(Data)
▬▬▬
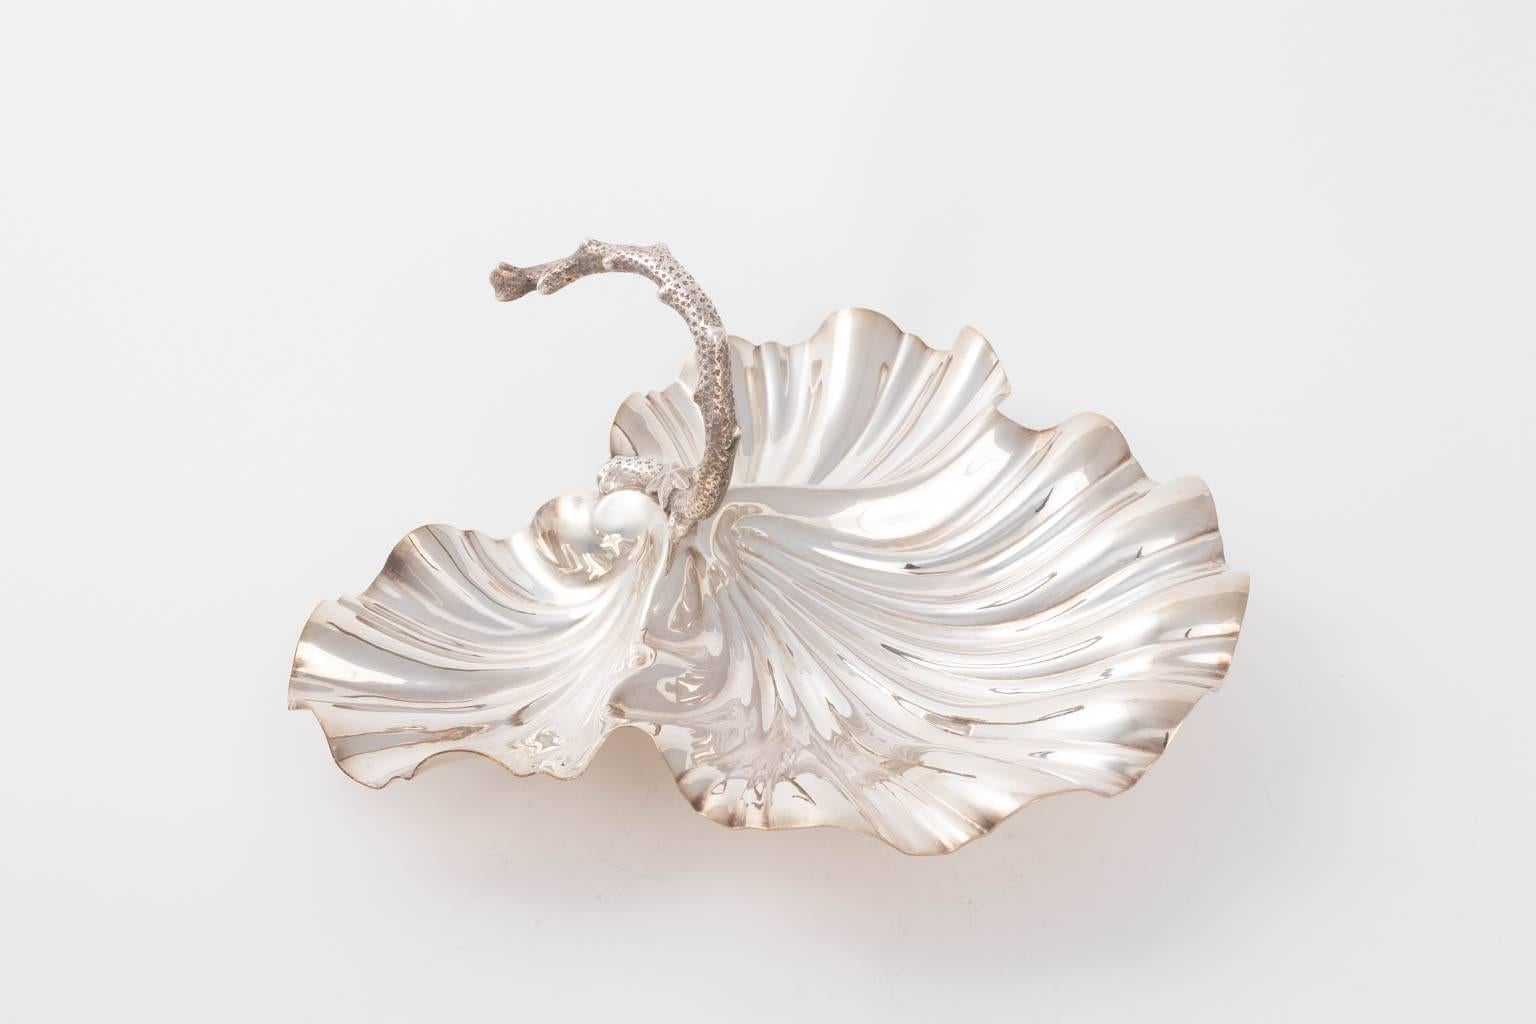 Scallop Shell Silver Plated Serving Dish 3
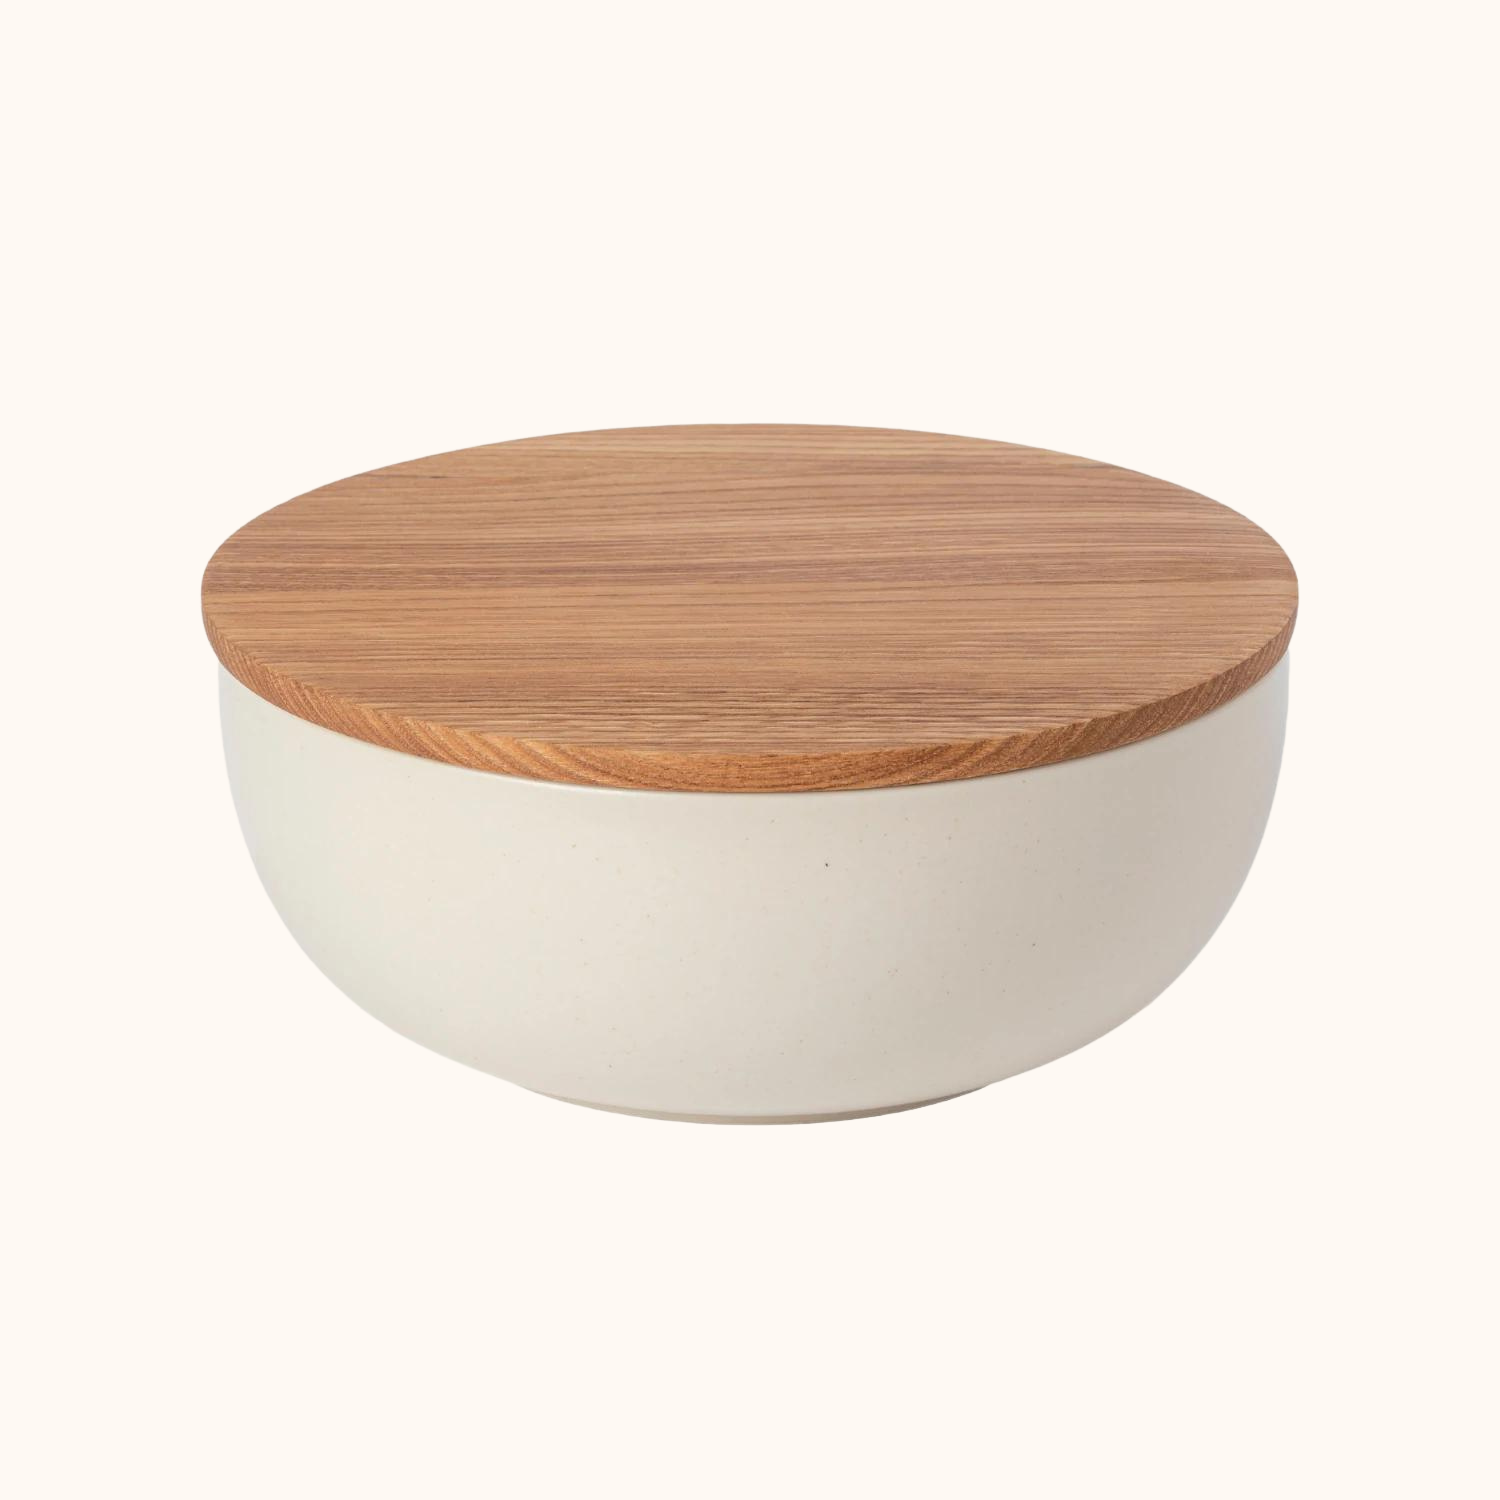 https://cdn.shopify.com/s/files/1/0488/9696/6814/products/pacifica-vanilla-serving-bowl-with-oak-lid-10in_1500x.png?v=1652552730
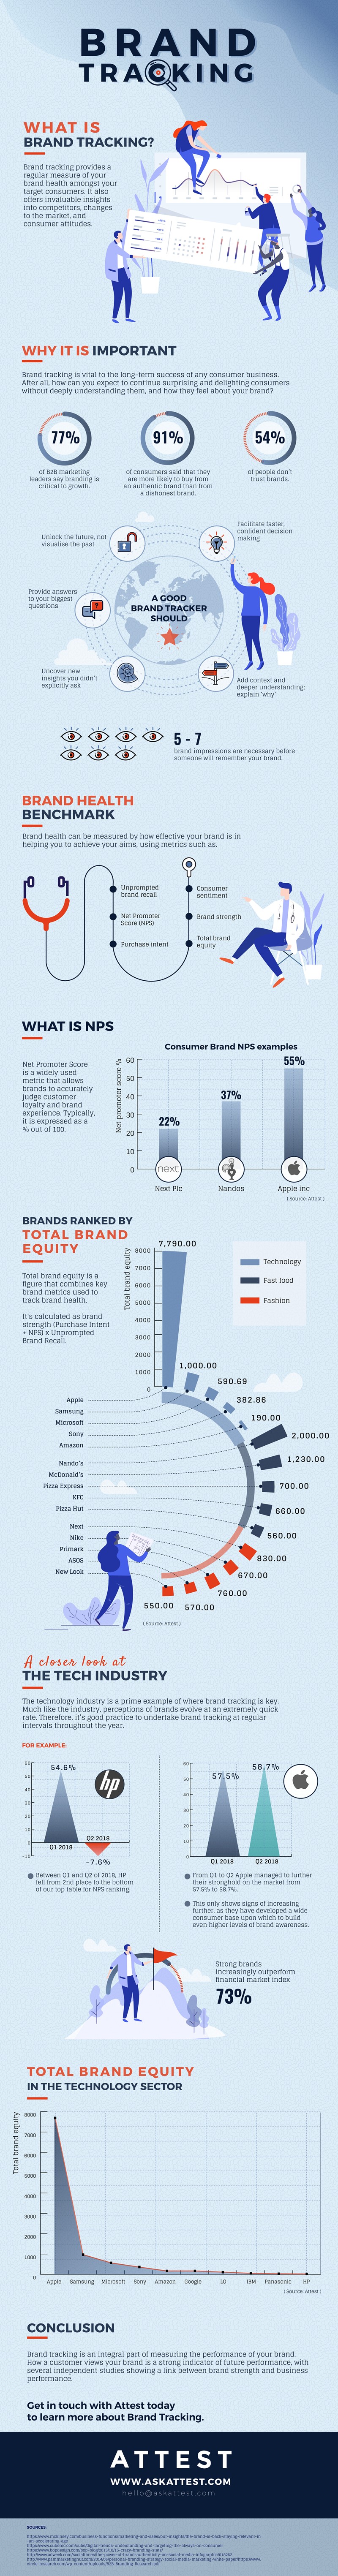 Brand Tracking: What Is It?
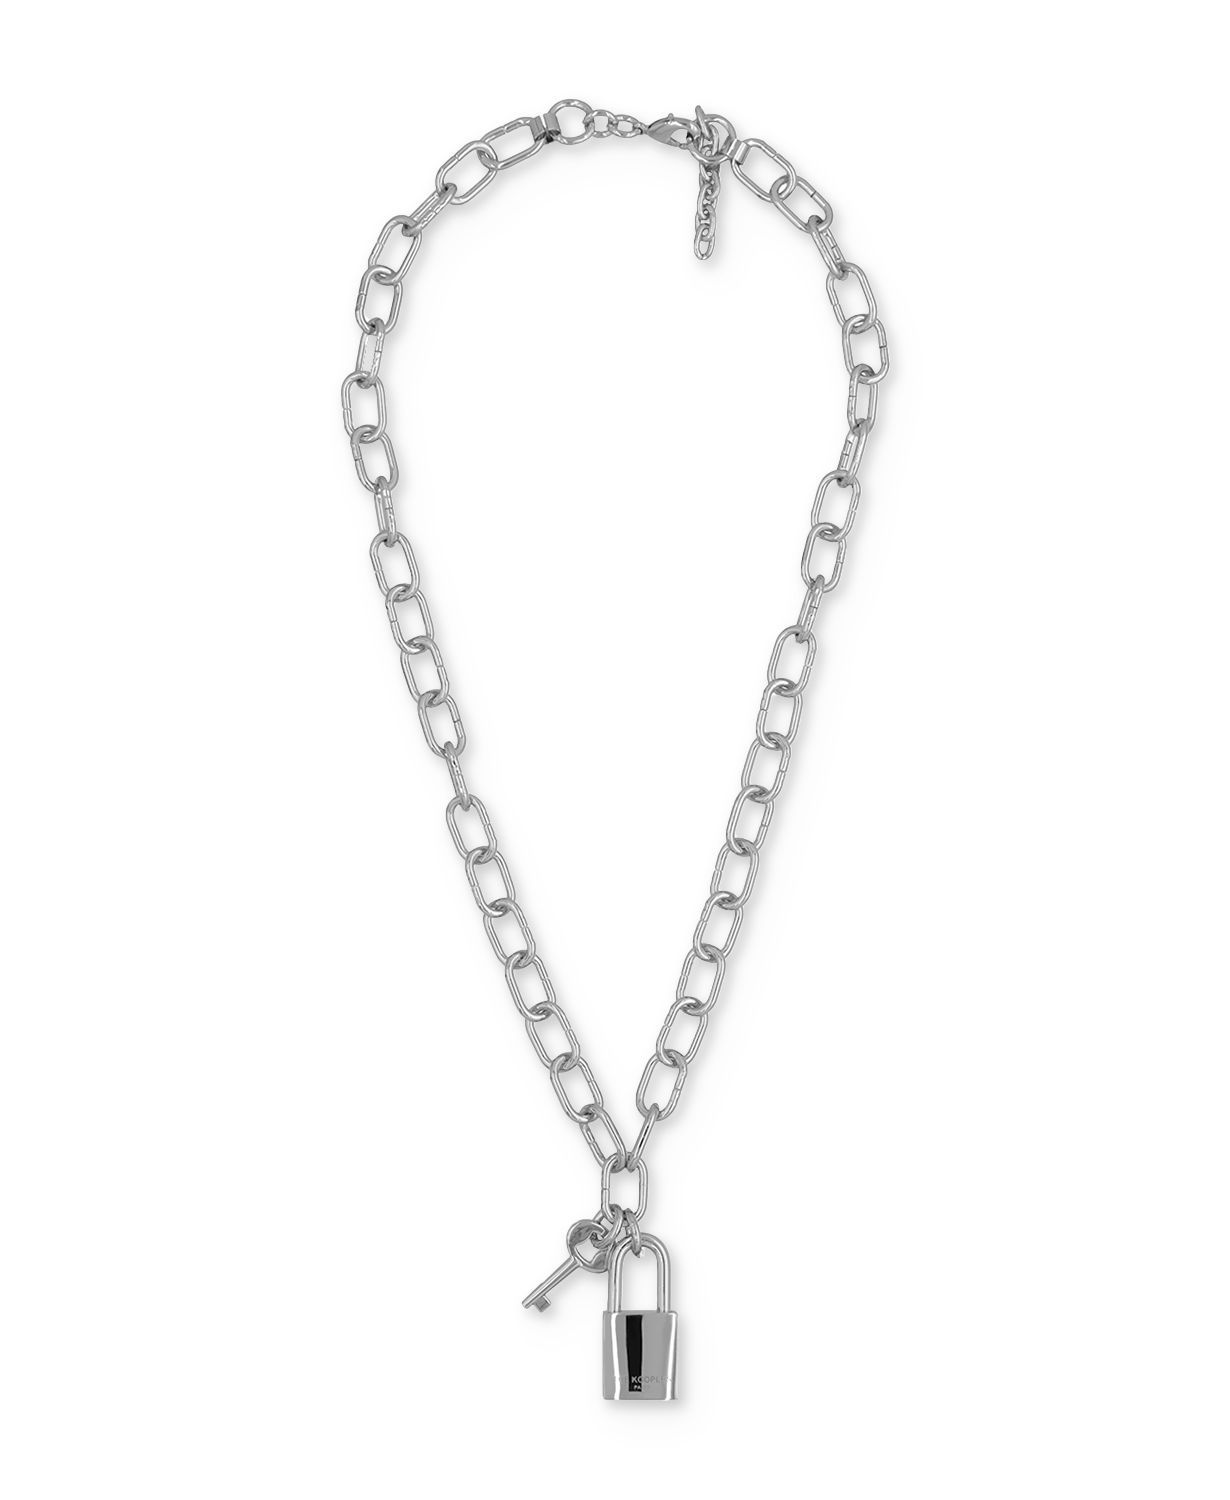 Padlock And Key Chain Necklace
▬▬▬
(Work required) When you restate the listing above, give each line word for word but leave out every image.

(Completed task)
 Scallop Shell Silver Plated Serving Dish 3
 https://cdn.shopify.com/s/files/1/0488/9696/6814/products/pacifica-vanilla-serving-bowl-with-oak-lid-10in_1500x.png?v=1652552730
 Brand Tracking: What Is It?
 Padlock And Key Chain Necklace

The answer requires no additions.